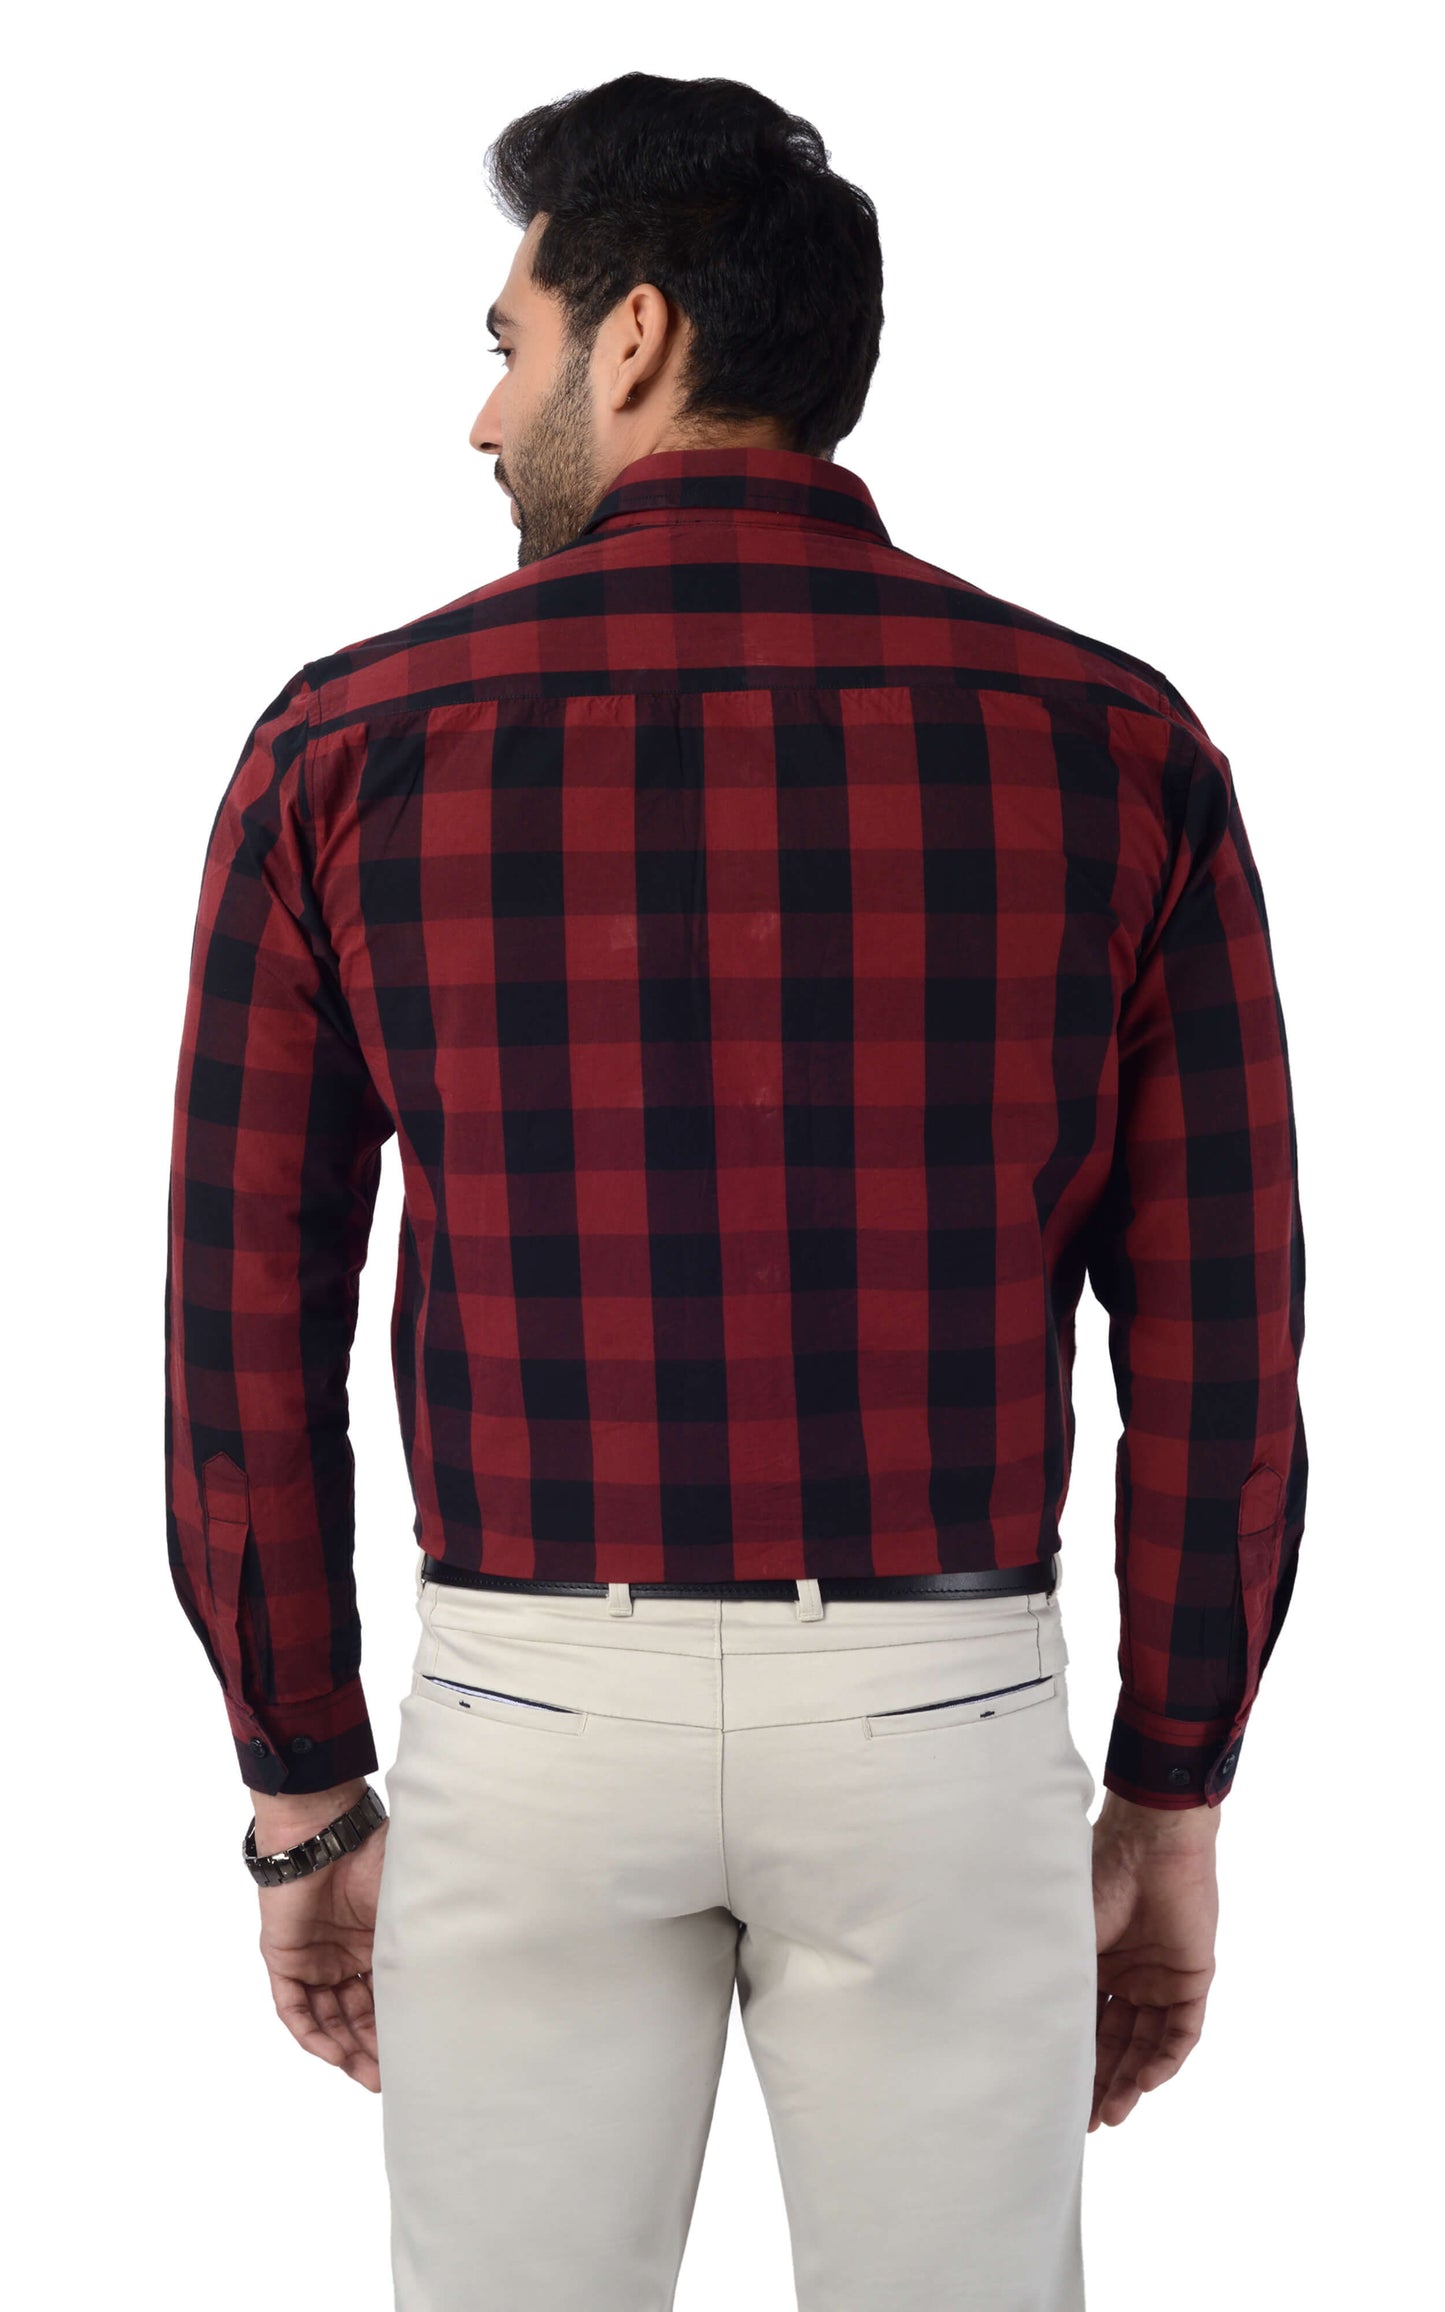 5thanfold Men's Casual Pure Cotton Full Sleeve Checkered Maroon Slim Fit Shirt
==================================================
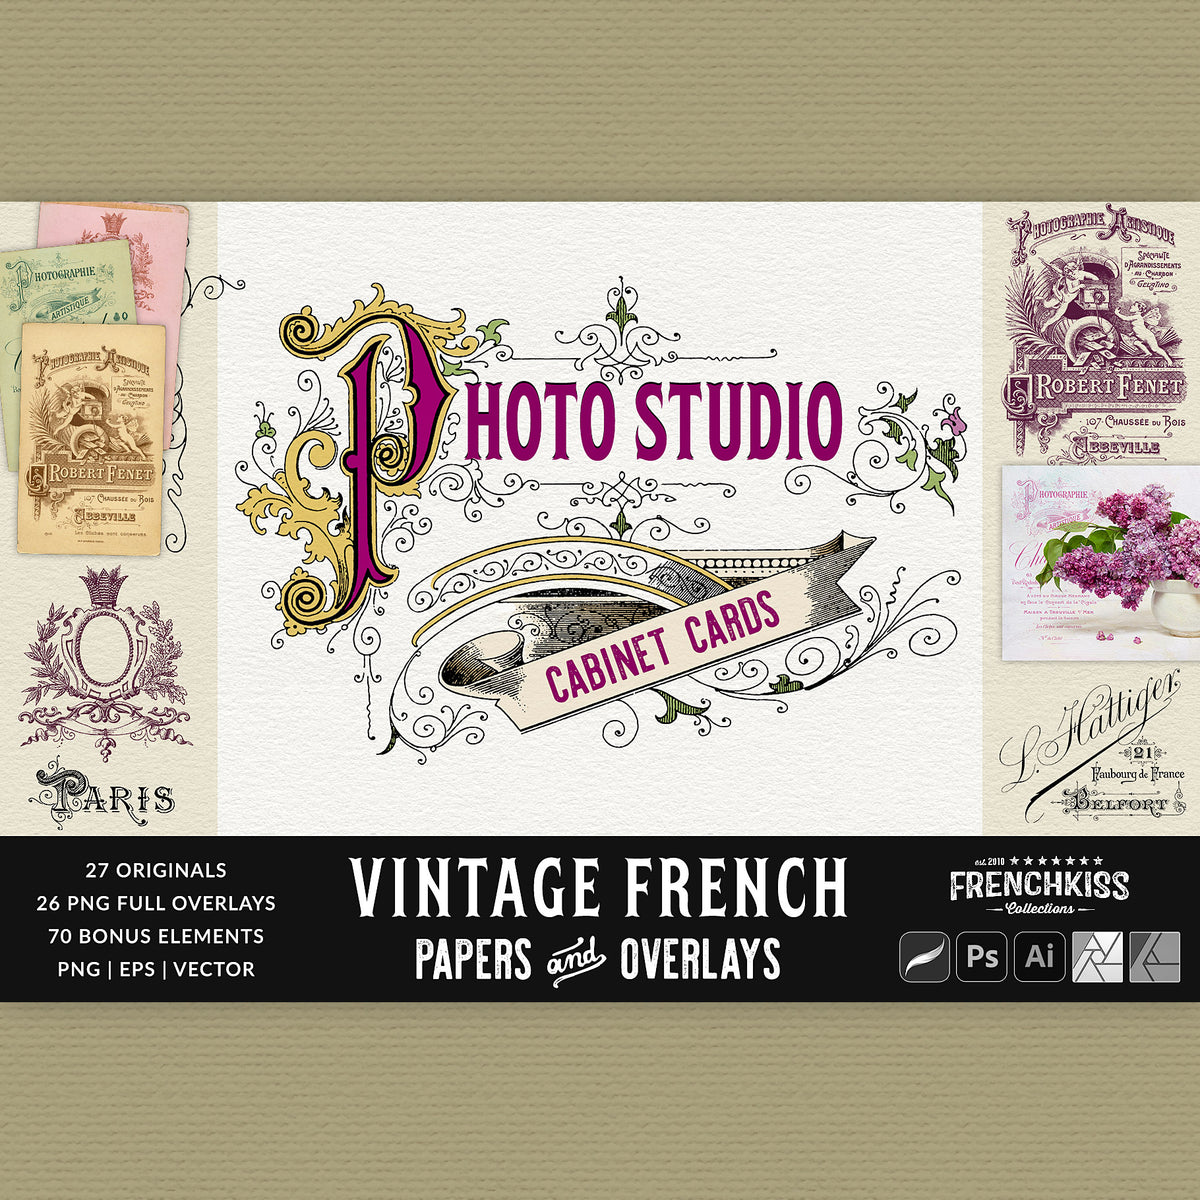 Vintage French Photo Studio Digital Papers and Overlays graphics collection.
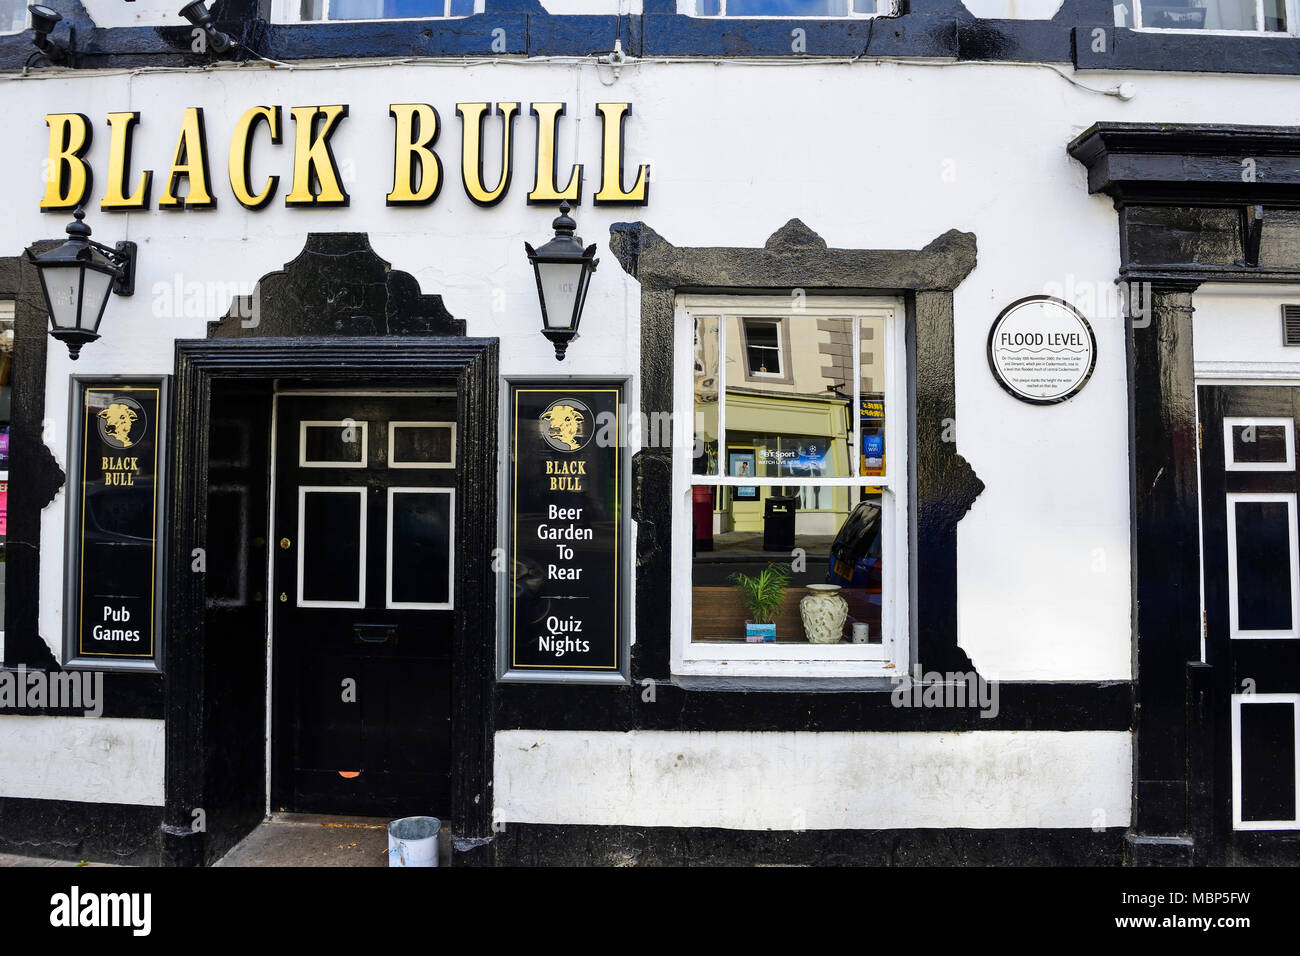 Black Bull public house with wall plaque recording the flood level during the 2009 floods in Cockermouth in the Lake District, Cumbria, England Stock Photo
==================================================
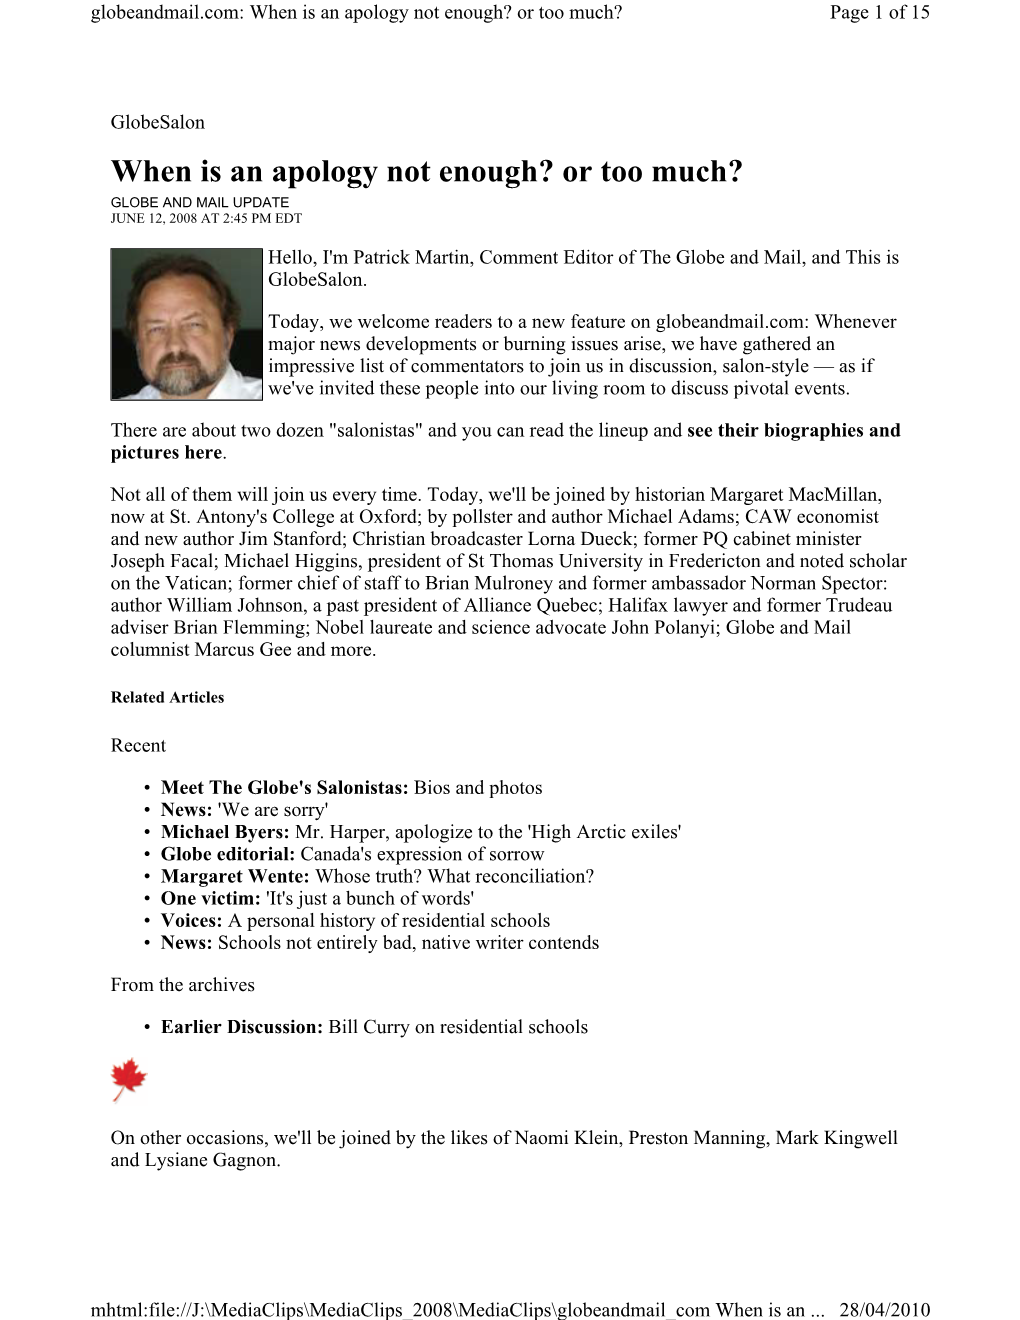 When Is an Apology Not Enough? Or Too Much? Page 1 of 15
==================================================
Description of the task: Begin at the line in the entries above that has "Vintage French Photo", stop after the line that has "Black Bull public", and output exactly those lines without pictures.

Problem solution:
 Vintage French Photo Studio Digital Papers and Overlays graphics collection.
 Black Bull public house with wall plaque recording the flood level during the 2009 floods in Cockermouth in the Lake District, Cumbria, England Stock Photo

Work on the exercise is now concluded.